**EXTRACTED RECORDS**
——

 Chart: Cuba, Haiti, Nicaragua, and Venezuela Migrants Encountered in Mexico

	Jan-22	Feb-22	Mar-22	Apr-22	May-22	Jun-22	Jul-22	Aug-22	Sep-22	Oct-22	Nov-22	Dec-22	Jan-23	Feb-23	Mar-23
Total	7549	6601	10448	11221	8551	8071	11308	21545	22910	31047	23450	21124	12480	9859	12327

——

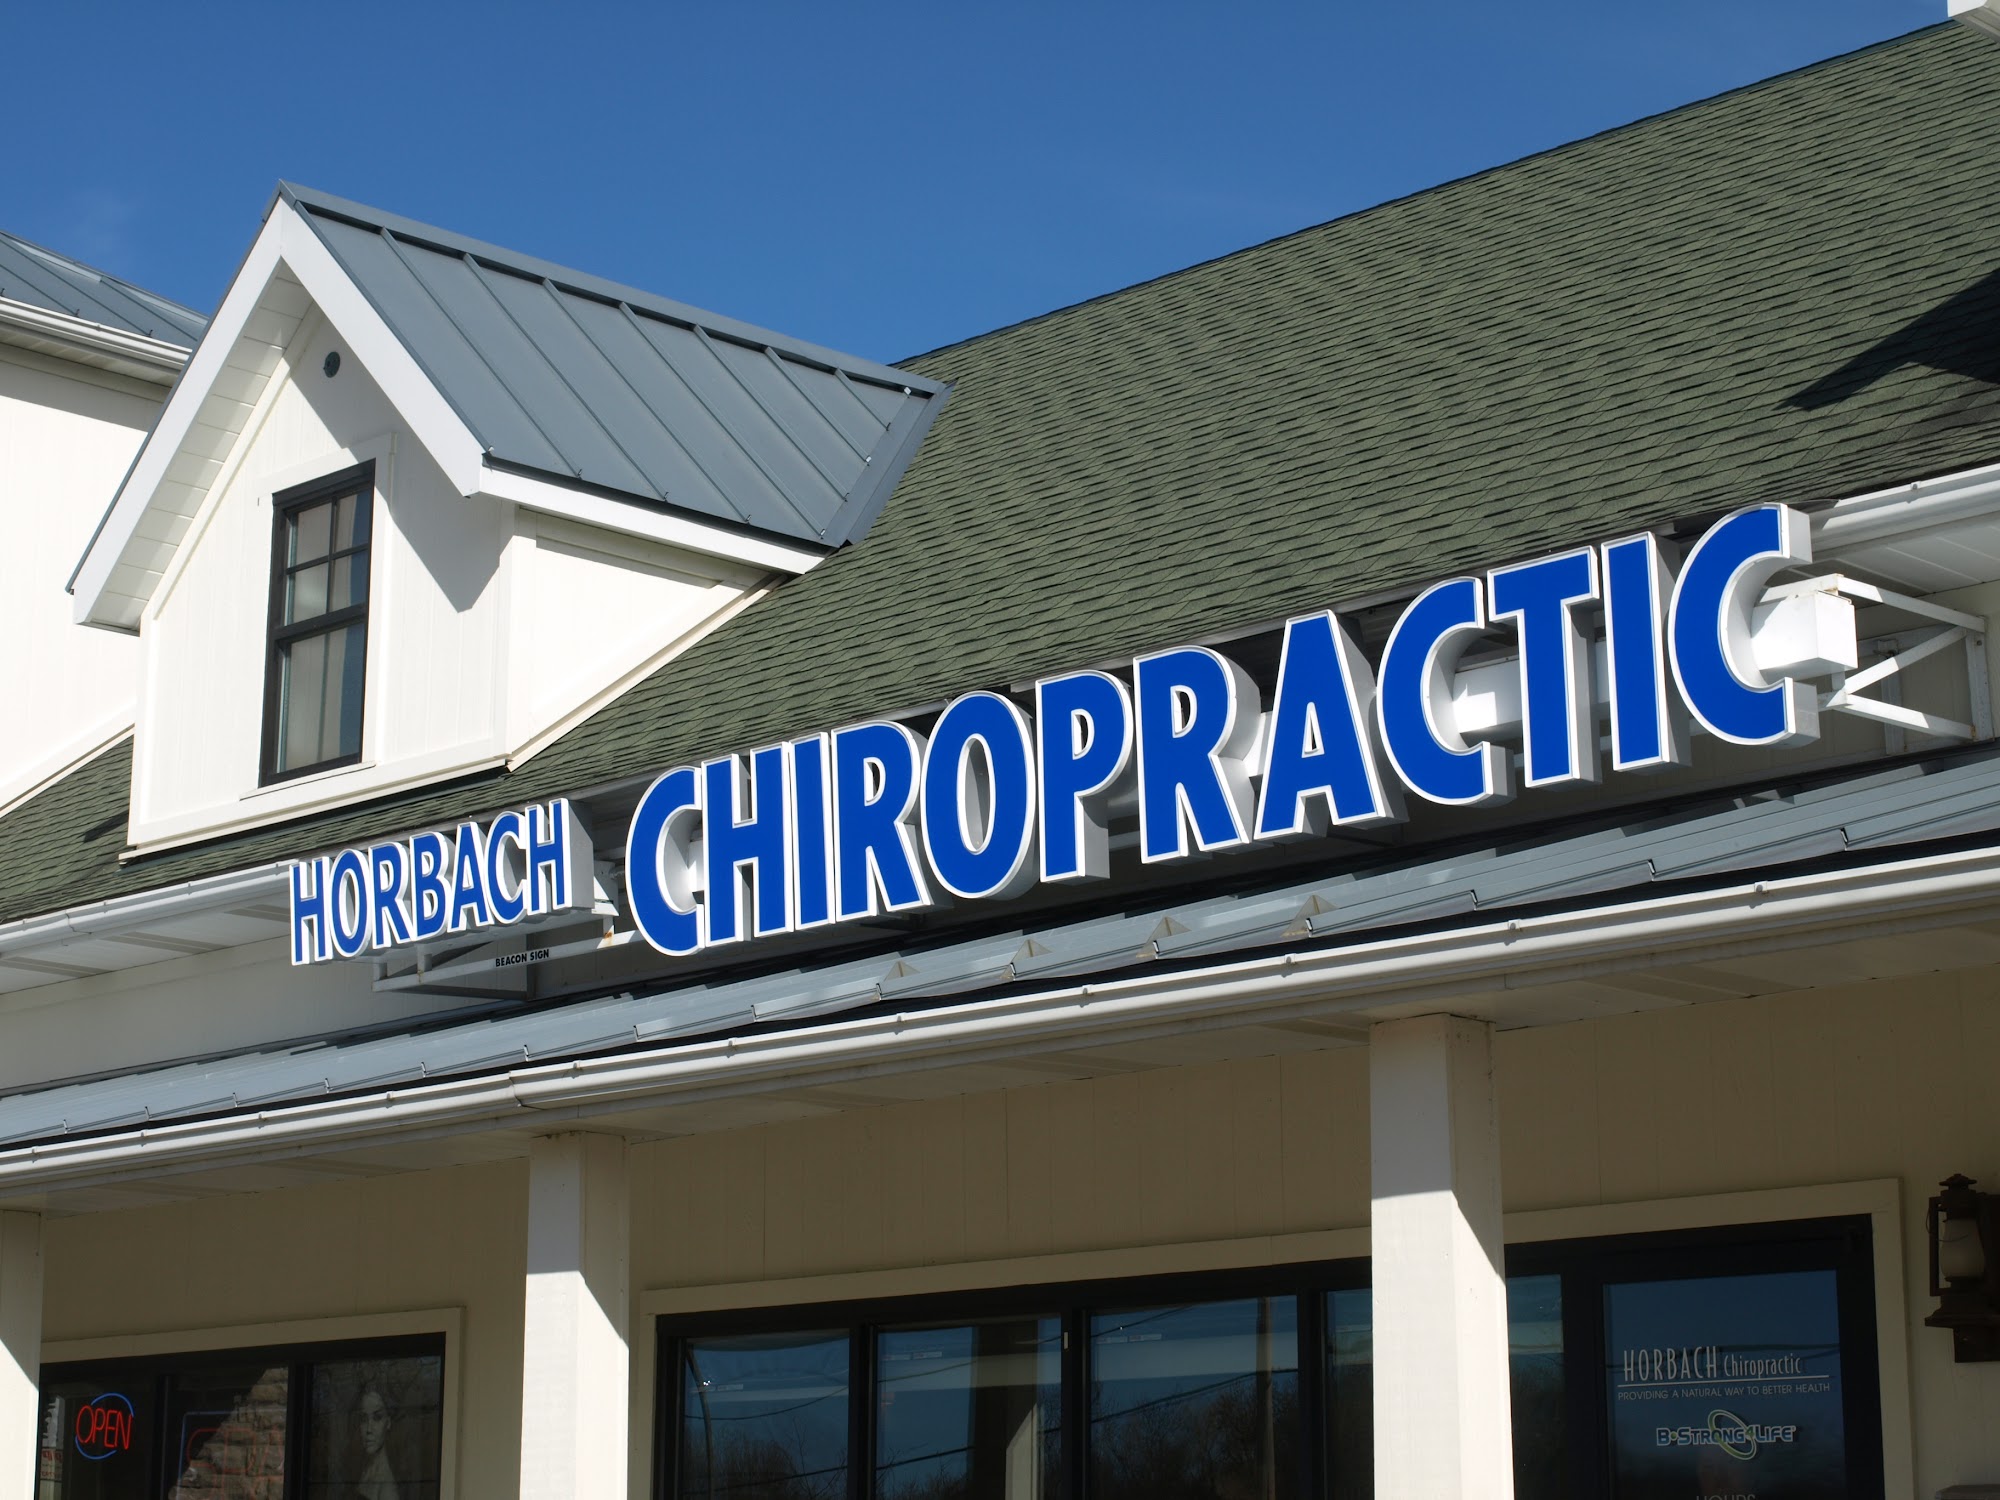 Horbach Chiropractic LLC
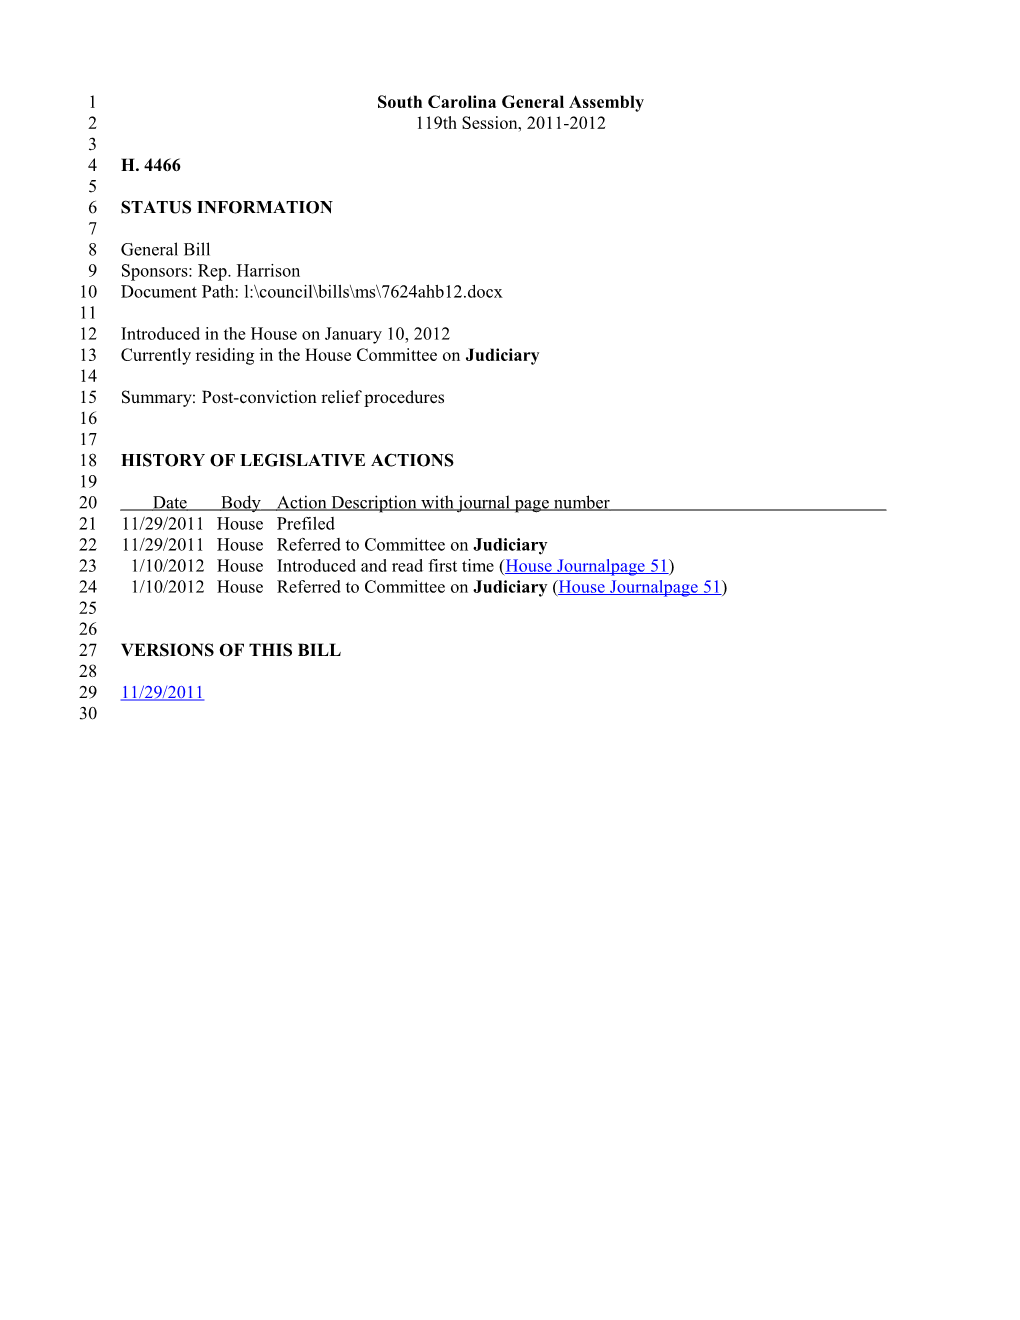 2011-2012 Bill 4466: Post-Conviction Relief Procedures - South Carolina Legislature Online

——

**WHAT YOU WILL DO**
Now transcribe the lines above exactly, starting at the line containing "Horbach Chiropractic LLC" and ending at the line containing "2011-2012 Bill 4466: Post-Conviction", both lines included, pictures excluded.

**RESULT OF THE EXERCISE**
 Horbach Chiropractic LLC
 2011-2012 Bill 4466: Post-Conviction Relief Procedures - South Carolina Legislature Online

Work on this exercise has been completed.